Maybe a woman should only be able to have an abortion if both she and the father consent. In cases where no father is present, or the woman does not know who the father is, then the woman has the say. If however the father does not consent to the abortion, then he and he alone is responsible for the child when it is born, the mother paying child support as fathers do currently.
I’m pretty sure she claimed abortion was one of the greatest evils in the world or largely responsible for them. She was a crazy old bitch.
I’m not sure how much water that argument holds these days. Certainly, a particular man’s sperm isn’t necessary anymore. Beyond that, technology to create human beings is on its way to not requiring the egg-and-sperm paradigm altogether. So, in fact, the concept of abortion (at least as it exists now) is slowly evolving into mootness. And the ‘choice’ could belong to whomever wants the child, regardless of gender, and regardless of whether it’s one person or multiple persons.

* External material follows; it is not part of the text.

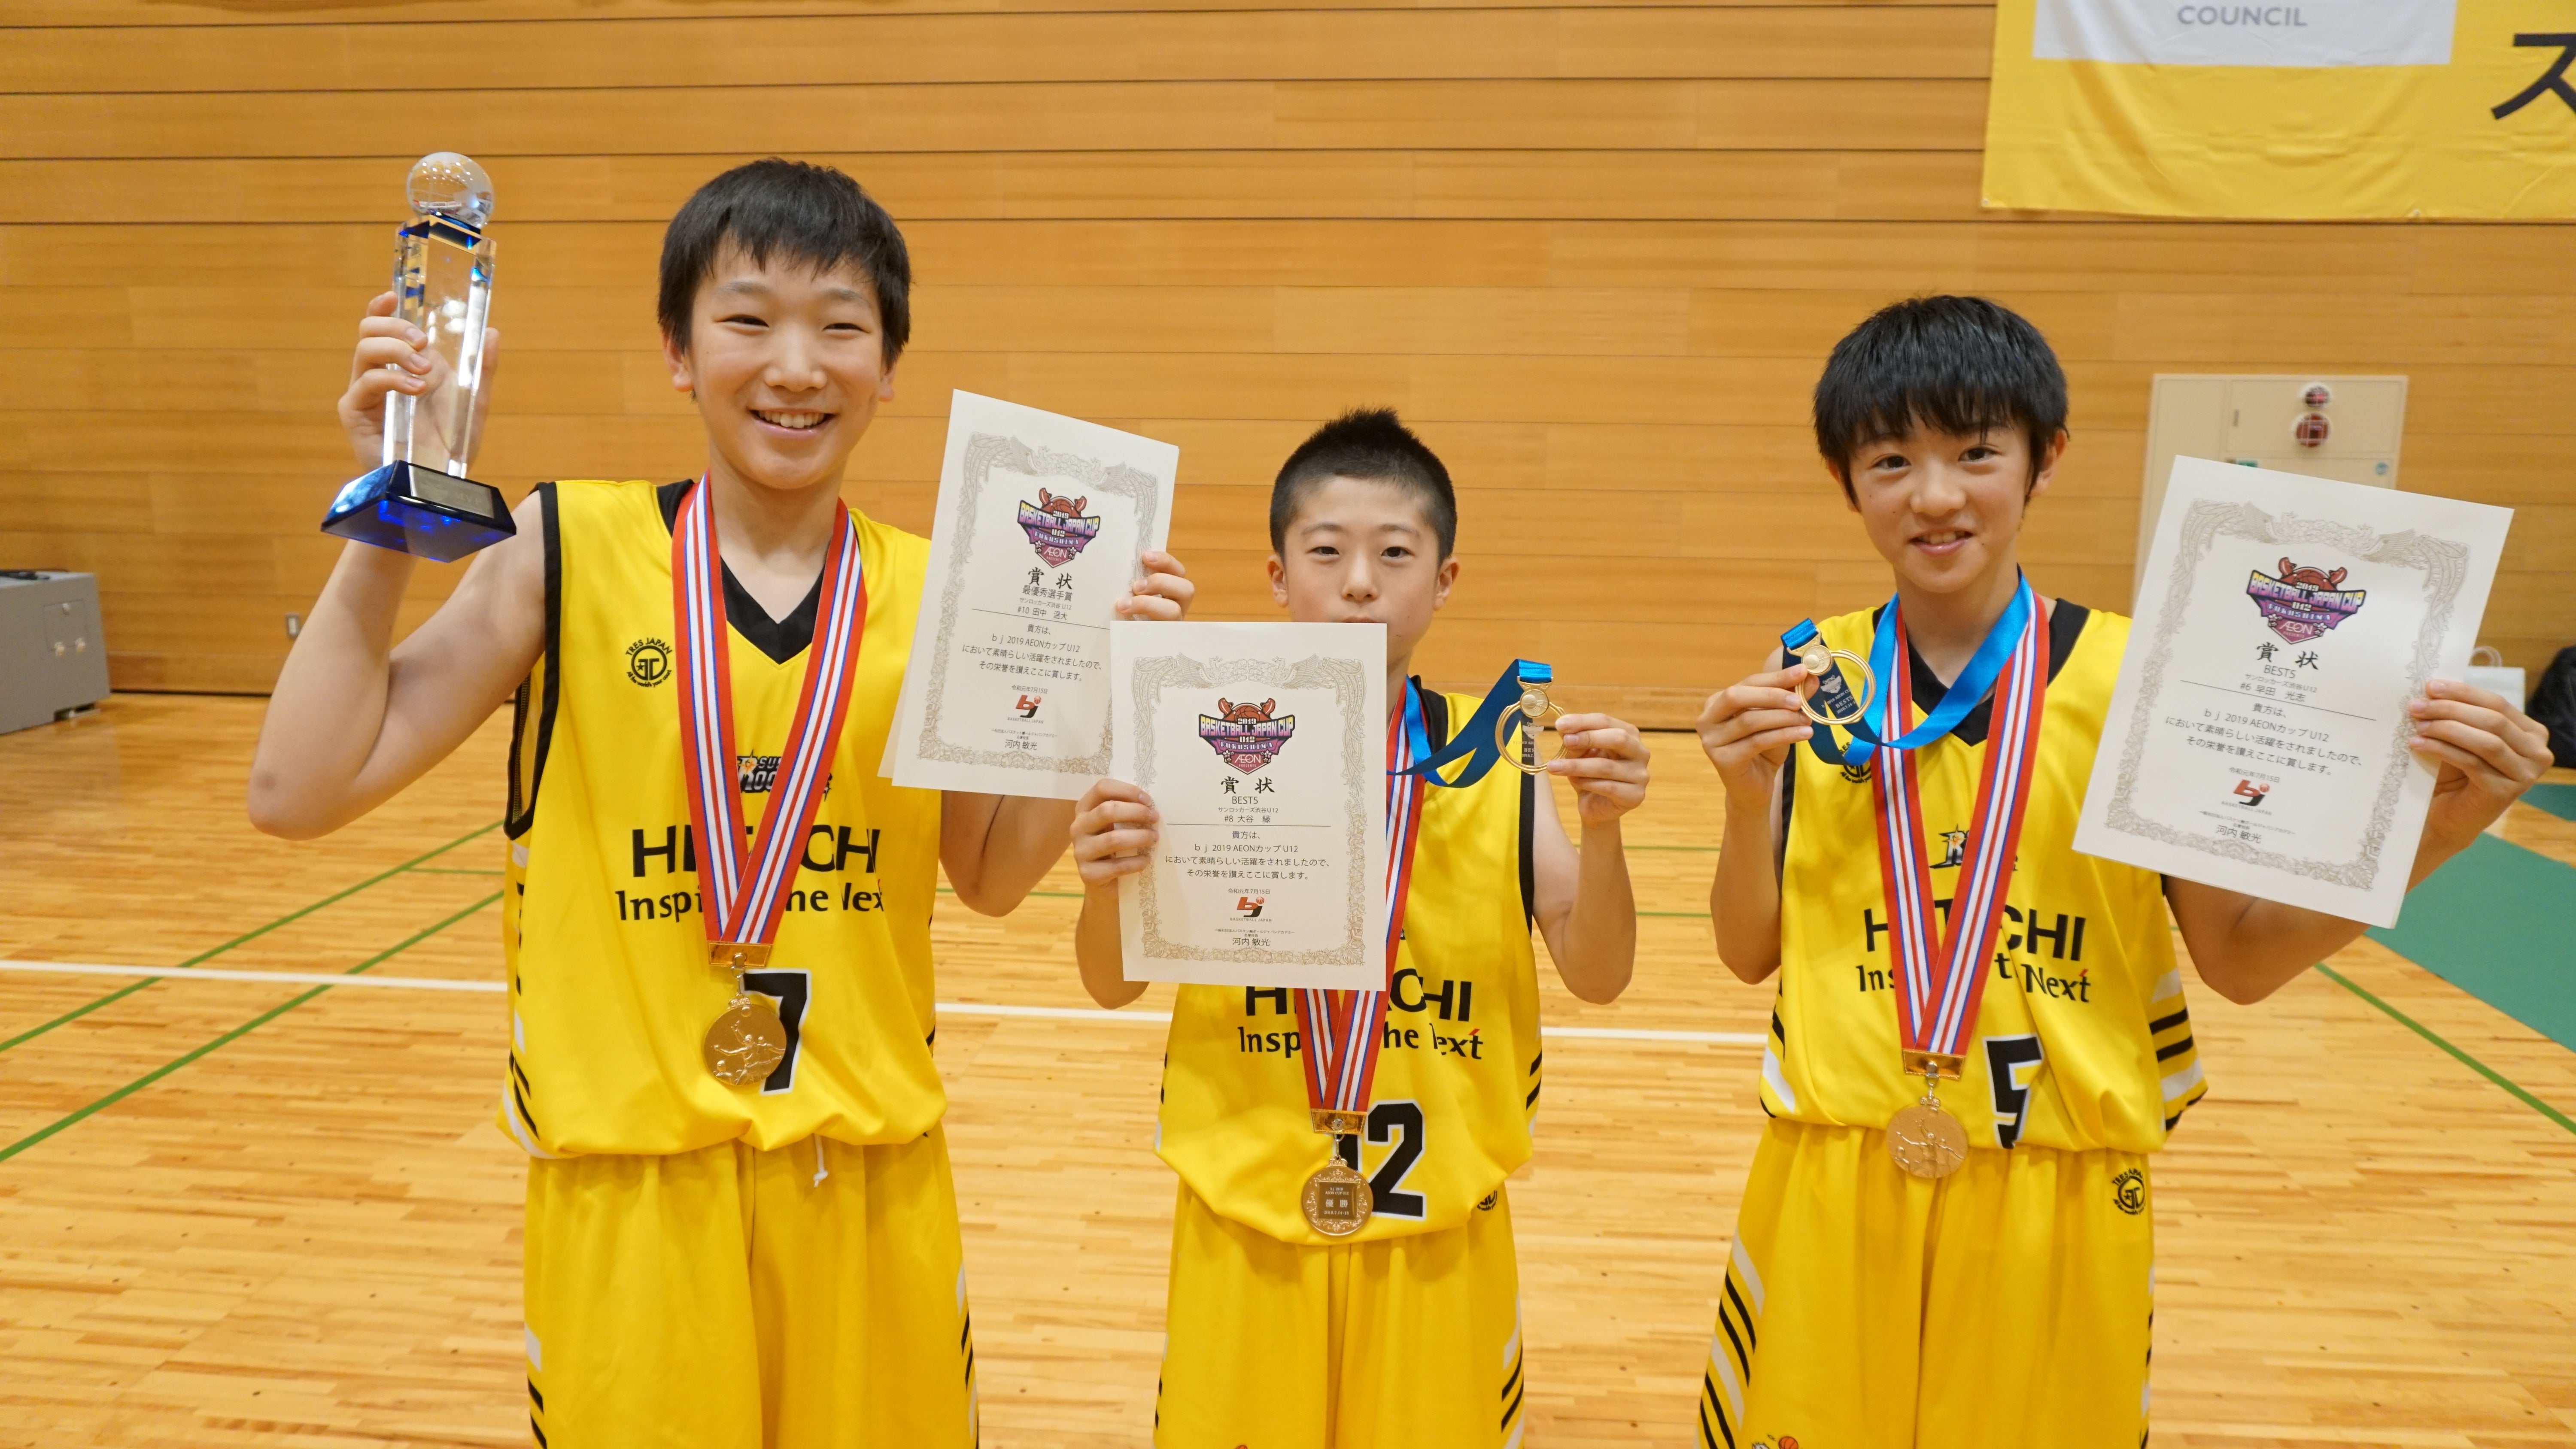 個人賞をとった田中選手(左)、大谷選手(中央)、早田選手(右)

So we’re stuck in this back alley 20th-century argument, but the ethical discussion needs to advance way beyond that.
Wow… I can’t believe you people are saying this sort of thing…
So the woman has to carry around a baby, puking and braking her back for 9 months, go through all sorts of pains in delivering a baby for no other reason than “the man said so!” ???
How on earth is that fair?!?!?
Simply because she slept with you means that she somehow “owes” you the favor of having your child?
explain the fairness of that from the woman’s point of view…
I’m well aware of the things a woman’s body goes through during pregnancy, I don’t envy it at all. Women have my complete sympathy on this matter.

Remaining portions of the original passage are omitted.